Staff considered patients’ different needs. This included providing facilities for patients with a disability and families with children. The practice had access to telephone interpreter services and had arrangements to help patients with sight or hearing loss.

The practice took patients views seriously. They valued compliments from patients and responded to concerns and complaints quickly and constructively.

Well-led

Improvements required

Updated 22 March 2019

We found that this practice was not providing well-led care in accordance with the relevant regulations. We have told the provider to take action (see full details of this action in the Requirement Notices section at the end of this report).

The provider was not present during the inspection day. We identified some systems and processes had failed to be maintained effectively since the last CQC inspection visit in 2016. The registered manager explained there had been a prolonged period of instability which had resulted in staff shortages, training and recruitment issues which had impacted on the productivity and management of the practice.
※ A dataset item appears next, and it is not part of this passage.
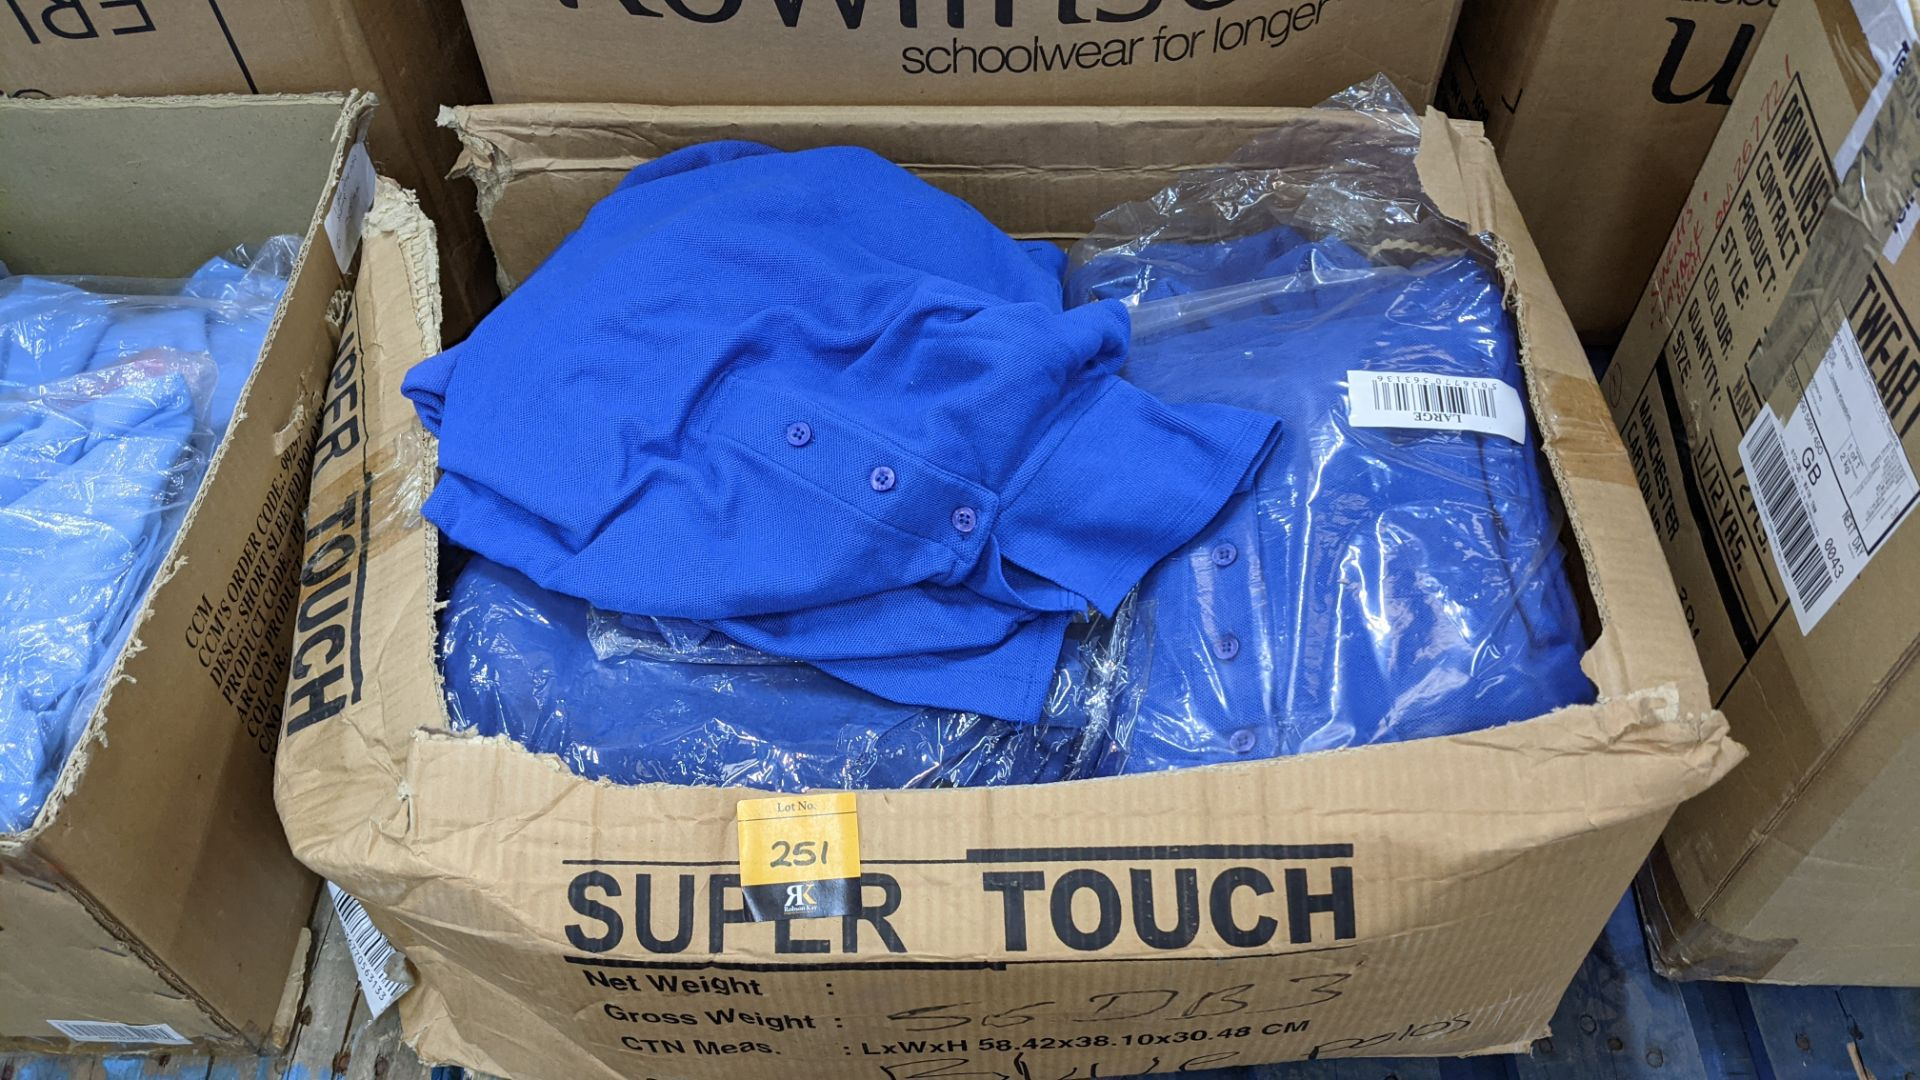 Quantity of royal blue polo shirts - 1 box - Image 2 of 4

They gave assurance that improvements would be made to address the areas identified during feedback.

We found the dentists and dental hygienists had the capacity and skills to deliver high-quality, sustainable care.

There were systems of clinical governance in place which included policies, protocols and procedures. We found some processes supporting these were not fully understood and were not always carried out correctly or effectively monitored to ensure the practice was performing in accordance with recommended guidance and legislation. For example:

  • Infection prevention and control processes were not always carried out in line with recommended guidance.
  • Legionella management systems were not managed effectively and some processes were not embedded.
  • Systems in place to manage the medical emergency kit were not embedded.
  • Systems in place to manage safer sharps procedures were not consistent.

There were processes for managing risks but these required embedding and updating to reflect the practice procedures. For example:

  • The sharps risk assessment did not reflect the varying processes carried out at the practice.
  • A full review of the risks associated with materials identified under COSHH had not taken place.
  • A system to ensure fixed electrical wiring re-certification was carried out at timely intervals was not in place.

The practice team kept complete patient dental care records which were stored securely.

The practice used patient surveys to obtain staff and patients’ views about the service. We saw examples of suggestions from patients the practice had acted on.

We noted that not all staff had received a recent appraisal. We reviewed records for those who had and saw they discussed learning needs, general wellbeing and aims for future professional development. There was a plan in place to address the remaining appraisals.

The practice’s quality assurance and audit processes could be improved to ensure data was gathered and recorded accurately to encourage suitable outcomes, learning and continuous improvement.